![TimAstraZ](https://assets.delawarebusinesstimes.com/wp-content/uploads/2024/03/TimAstraZ.jpg)
When Dr. Tim Gardner returned from an American Heart Association session in Chicago in mid-November, he used a new app from Astra Zeneca to share the latest information with his colleagues at Christiana Care’s Center for Heart & Vascular Health.
Conference Notes, a free iPad app, helps medical personnel make the most of medical conferences. They can capture slides, bookmark presentations, even get information from sessions they can’t attend.
“The first thing that happens when I come back from a meeting is my colleagues will say, “˜What was new and important that you learned in the meeting? What was hot? What will change the way we practice medicine?’ “said Gardner, medical director for the heart and vascular center. “Having access to the slides and to the notes that I made at the time was really helpful.”
Conference Notes’ ability to provide information from all sessions where the app is set up means medical professionals don’t have to miss a thing-whether it’s a presentation in another meeting room or just a fast talker in the same room.
“We all have data overload,” Gardner said. “You got to a meeting like this and you get so much information in a rapid-fire fashion that it’s hard to digest everything as it’s being presented. So the app is very helpful.”
Before the conference, Notes users can view the entire schedule, plan their itineraries and short-list the sessions that interest them.
![PG26 AZ App pic](https://assets.delawarebusinesstimes.com/wp-content/uploads/2024/03/PG26-AZ-App-pic.jpg)
At the conference, they can follow the presentations live on their iPads, bookmark slides to review later, take notes alongside the slides and annotate or highlight areas on the slides.

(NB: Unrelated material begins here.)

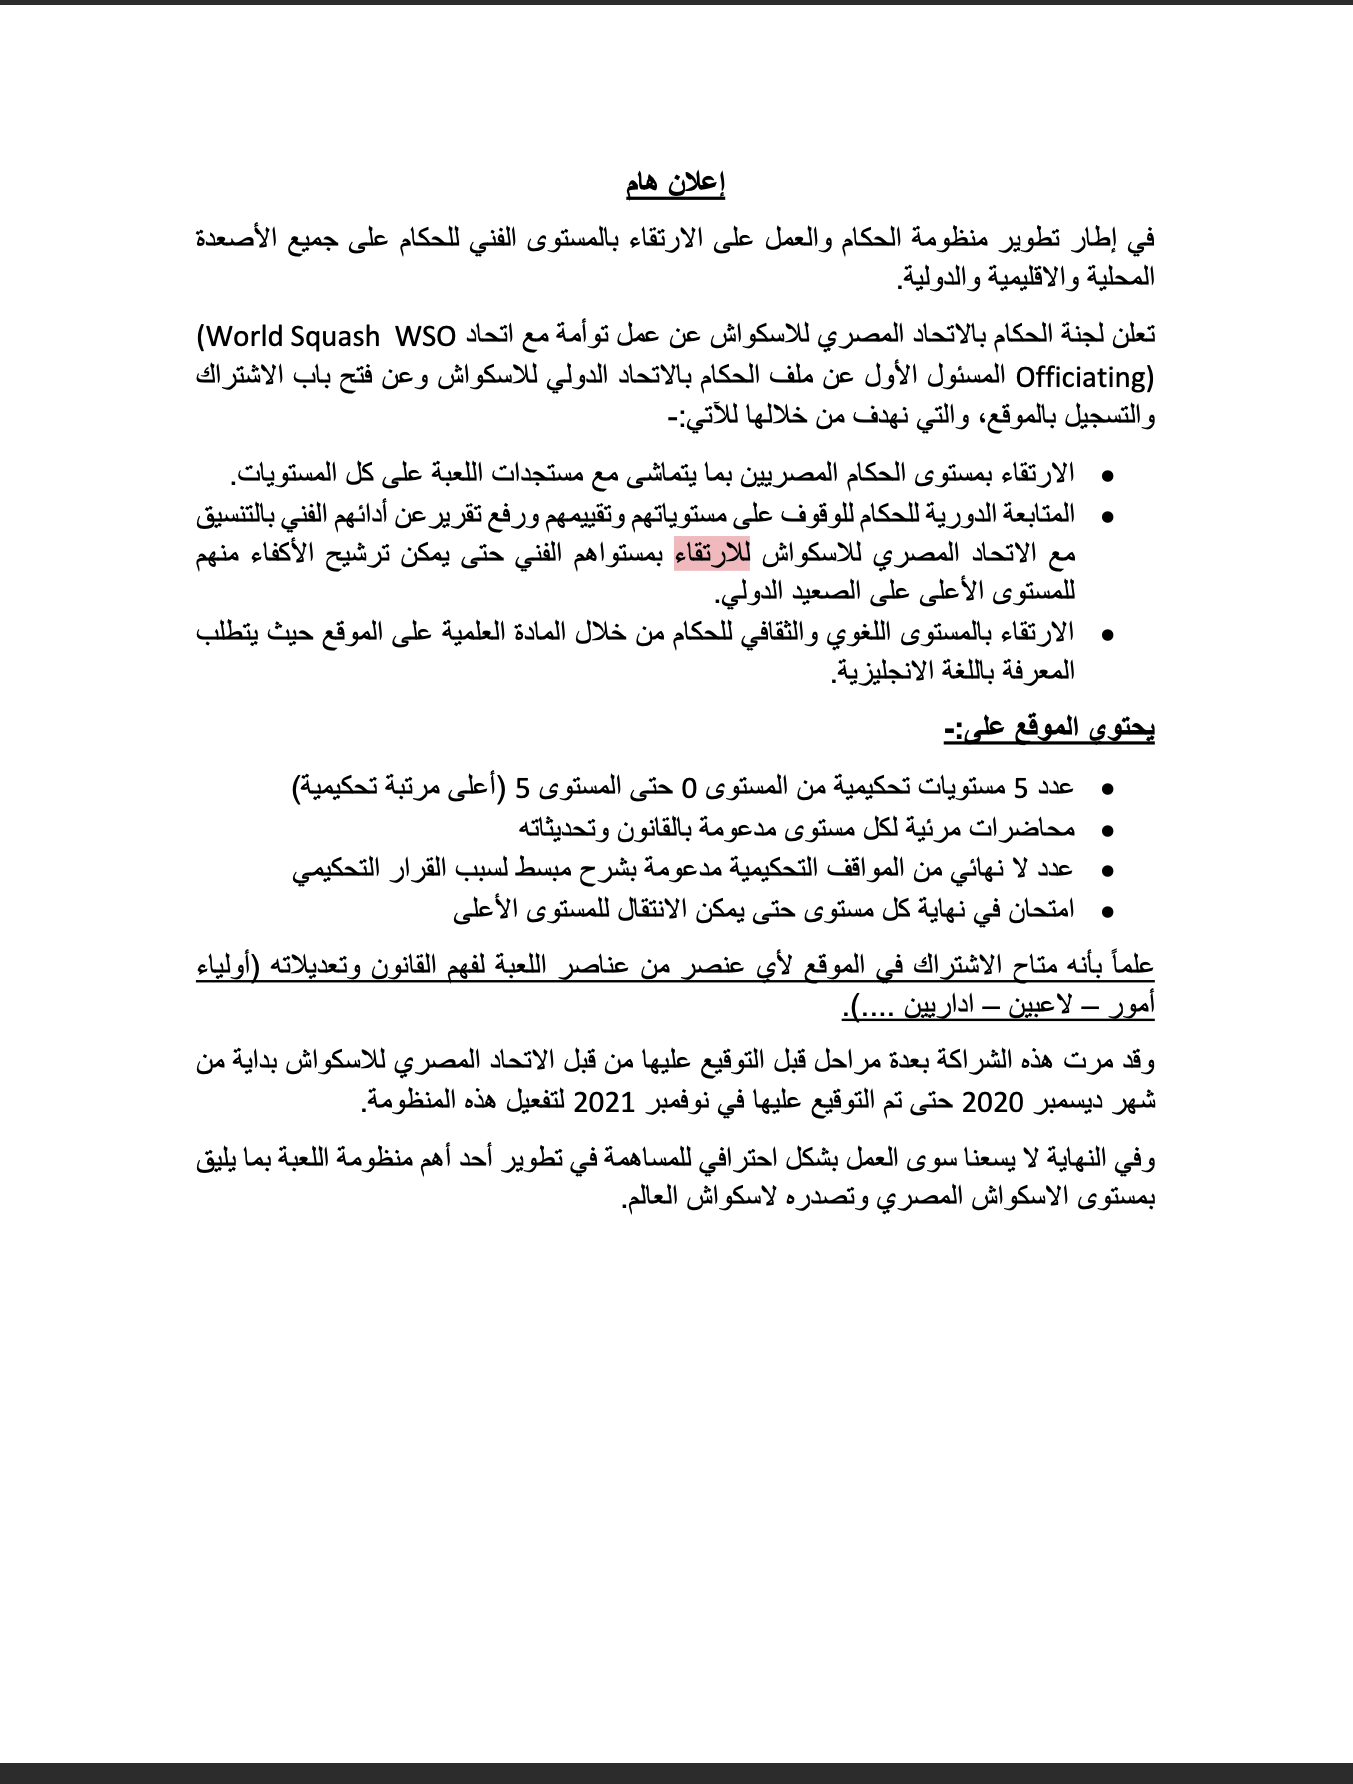 الاتحاد المصري للاسكواش عن عمل توأمة مع اتحاد World Squash WSO(

After the conference, users can access information from other presentations in any rooms supported by Conference Notes. They can also download their own notes and sketches.

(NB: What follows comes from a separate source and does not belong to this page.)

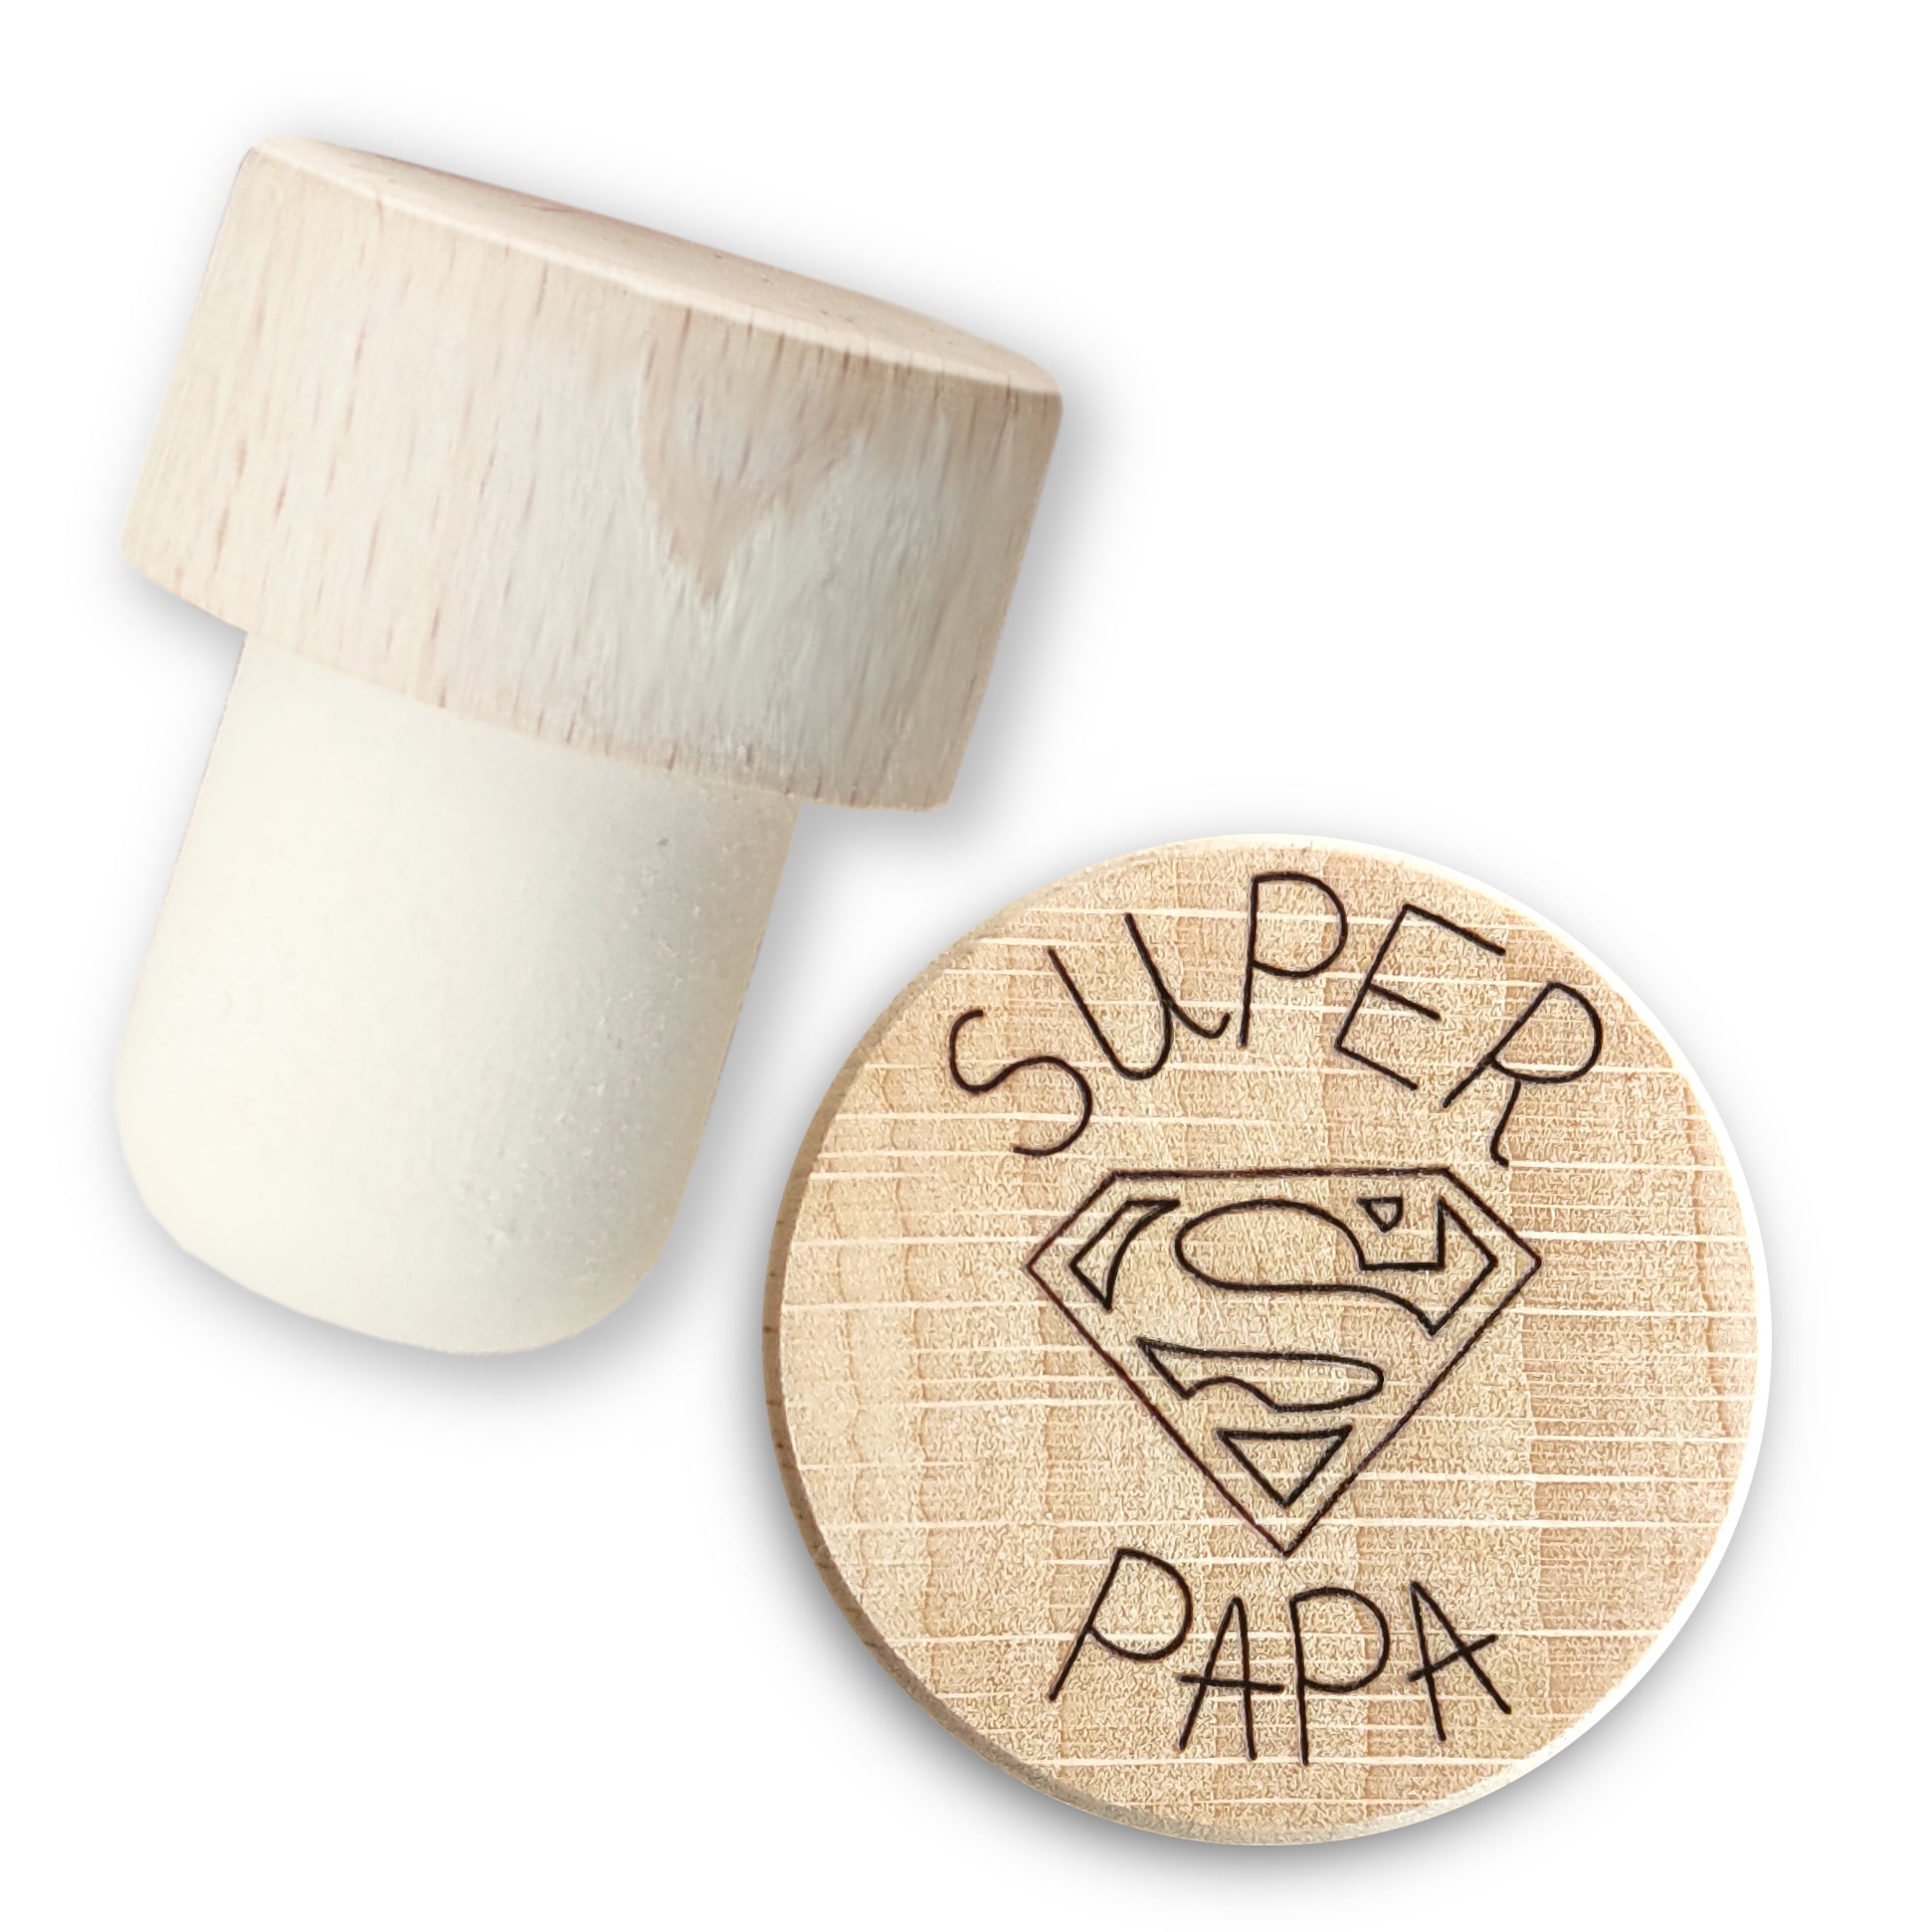 Porte-clés Super papy depuis personnalisé médaille bois gravée

Gardner gave the app high marks for ease of use, and he especially liked the embedded bookmarks that allow uses to place electronic checks on information they know they’ll need.
AstraZeneca would not disclose the development cost for the free app, but said there are no current plans to offer advertising on it.
“We believe we have a tremendous opportunity to leverage our expertise across our core therapeutic areas to develop tools and resources that may help physicians and patients,” said Astra Zeneca spokesperson Alisha Martin.
Next up: Additional American Heart Association meetings and the San Antonio Breast Cancer Symposium this month.